Thomas appeared before an ALJ a year and half after her initial denial of SSI and he denied her claim. The ALJ admitted Thomas suffered from Graves’ disease, degenerative changes of the left shoulder and lumbar spine, and dysthymic disorder, but did not acknowledge fibromyalgia because neither doctor that diagnosed her and supported her was a rheumatologist. He also thought Thomas’ symptoms were not severe enough and at most caused minimal limitations to Thomas’ ability to work.
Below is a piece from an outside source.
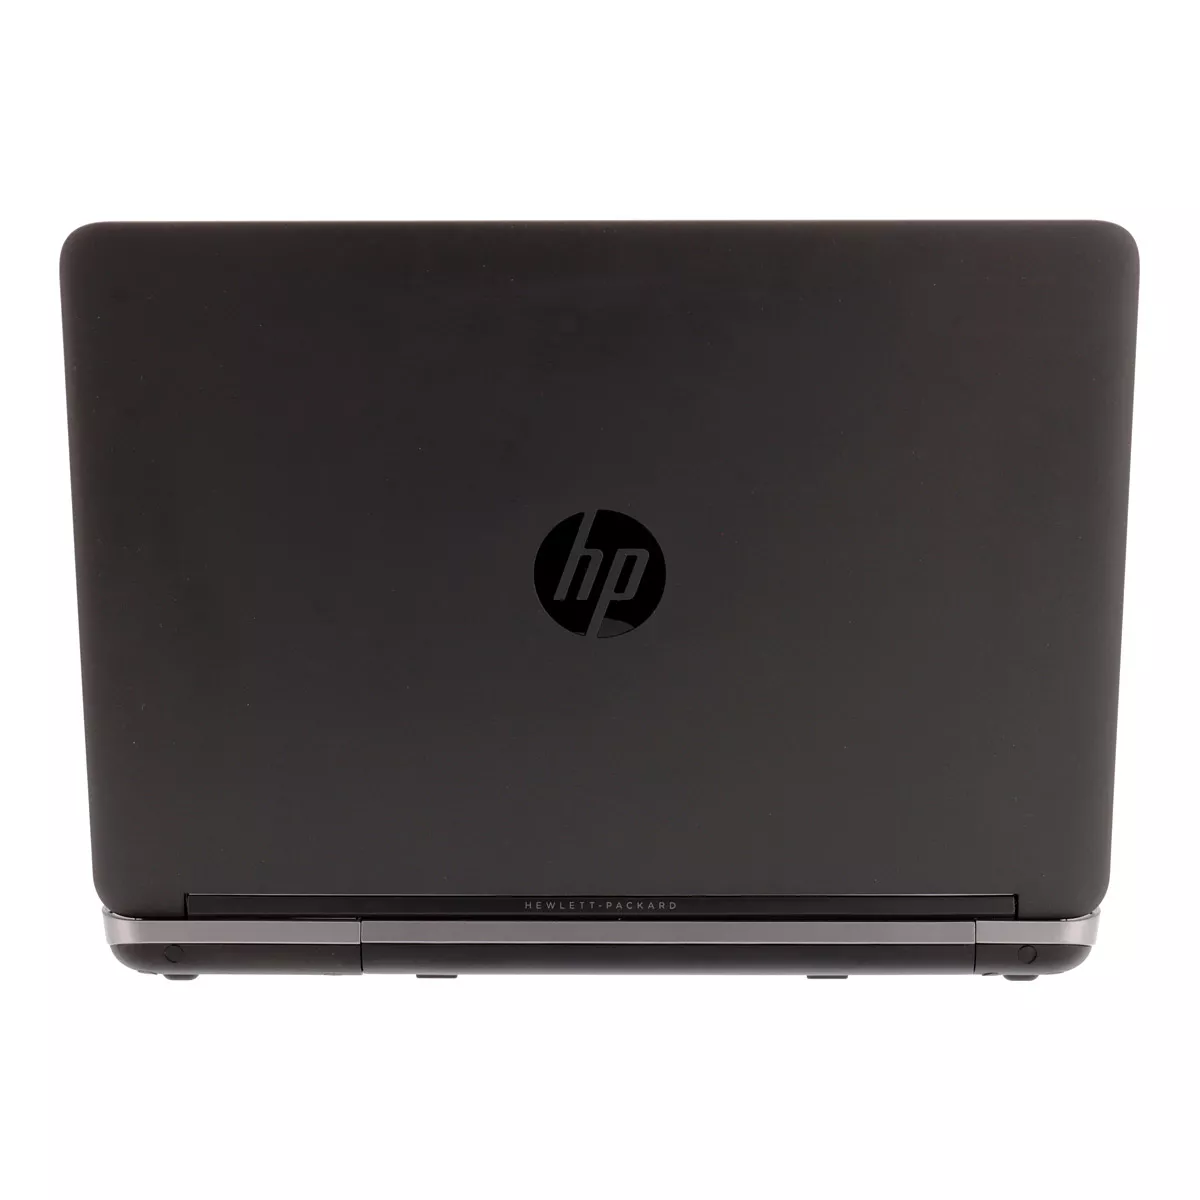 HP ProBook 640 G1 Core i5 4300M 8GB 128 GB Webcam A+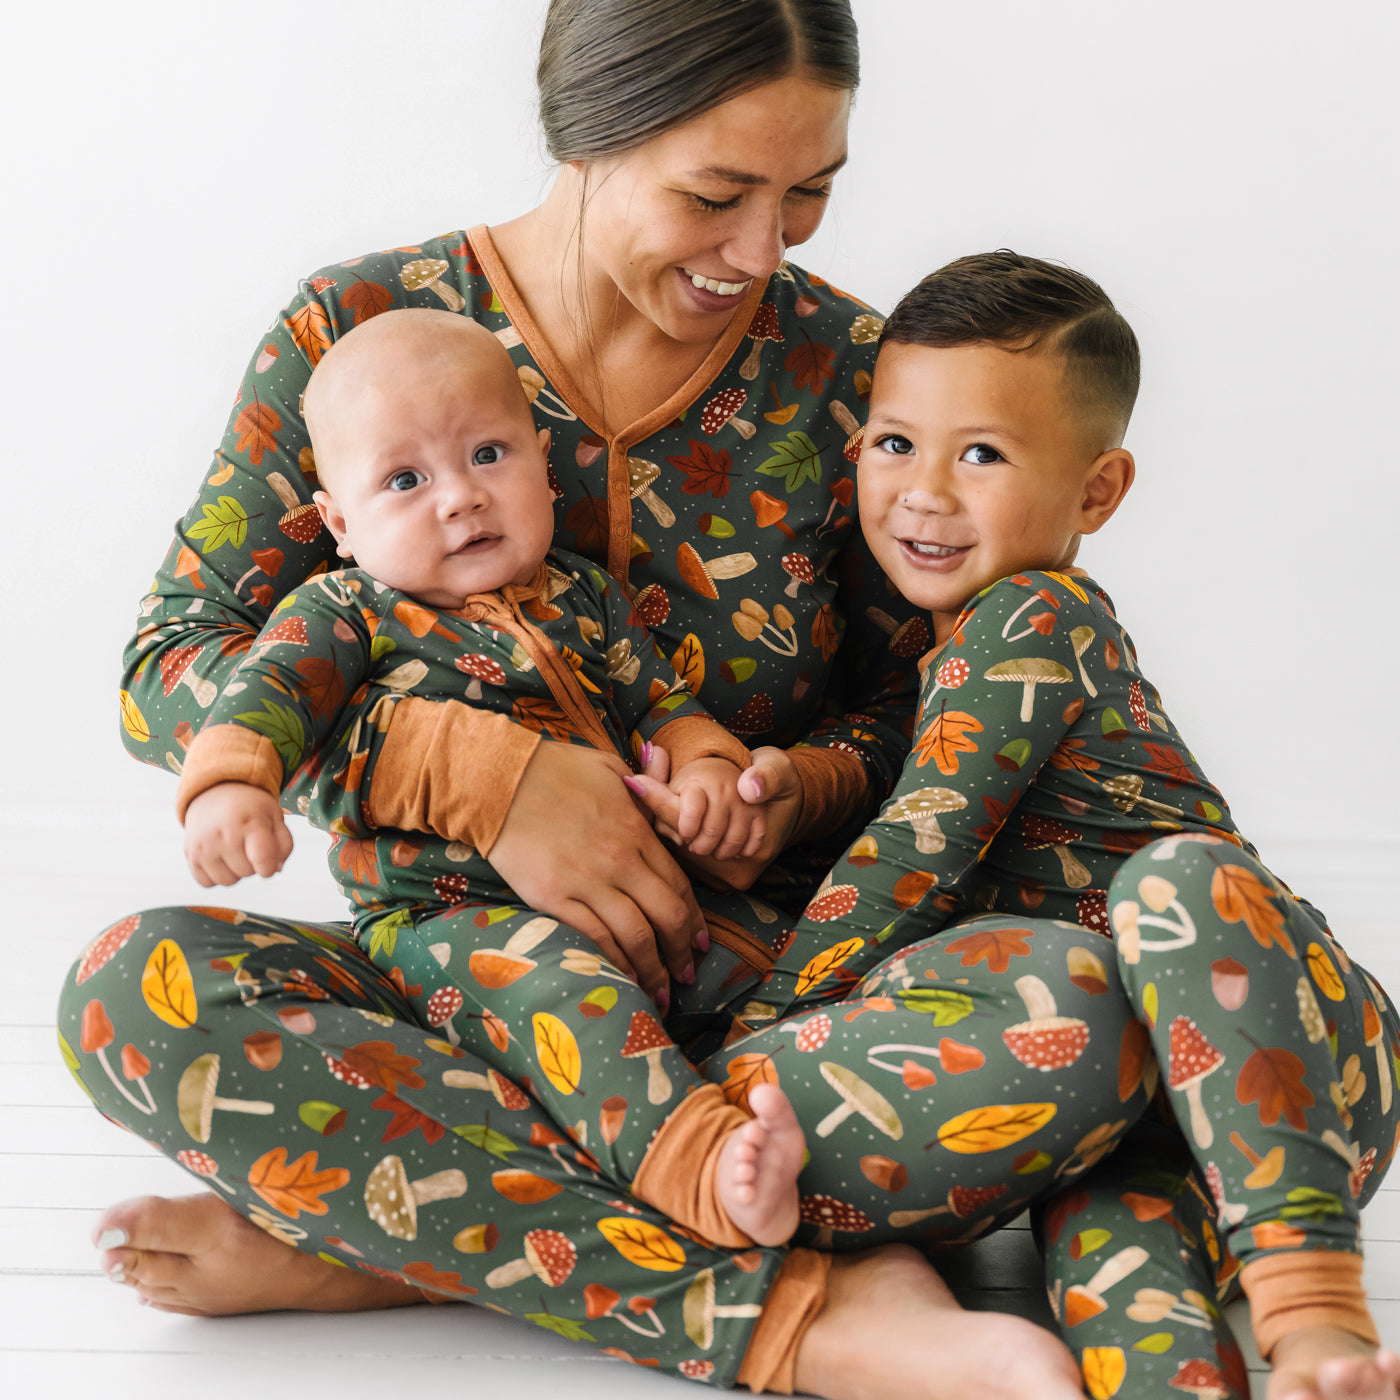 Woodland Winter Appliqué Kids 2-Piece Pajama Set

The District Court upheld the verdict.
Thomas appealed, claiming the ALJ’s omission of her fibromyalgia diagnosis were unsound and the conclusion about the severity of her physical impairments is not back up by evidence.
In a per curiam decision heard by Chief Judge Diane Wood and Judges William Bauer and Michael Kanne, the 7th Circuit ruled the ALJ overlooked a second set of criteria when deciding whether Thomas had fibromyalgia, which includes a history of widespread pain and repeated occurrence of symptoms. Thomas supplied this evidence, refuting the SSA’s claim that overlooking this set of criteria was harmless error.
The 7th Circuit also agreed with Thomas that the ALJ’s claims about the severity of her symptoms were not backed up by sufficient evidence. It ruled the ALJ put too much weight on the testimony of the government’s two doctors who examined Thomas and not enough on Thomas’ doctors and her testimony.
“In finding Thomas not credible to the extent that she described more than minimal limitations, the ALJ relied on the seeming lack of objective evidence supporting Thomas’s subjective account of her symptoms, but, as discussed earlier, the ALJ skipped over the substantial findings of Thomas’s treating physicians and physical therapist that showed that her impairments indeed would limit her ability to perform work tasks,” the panel wrote in remanding the case for further proceedings.
The case is Nancy J. Thomas v. Carolyn W. Colvin, Acting Commissioner of Social Security, 15-2390.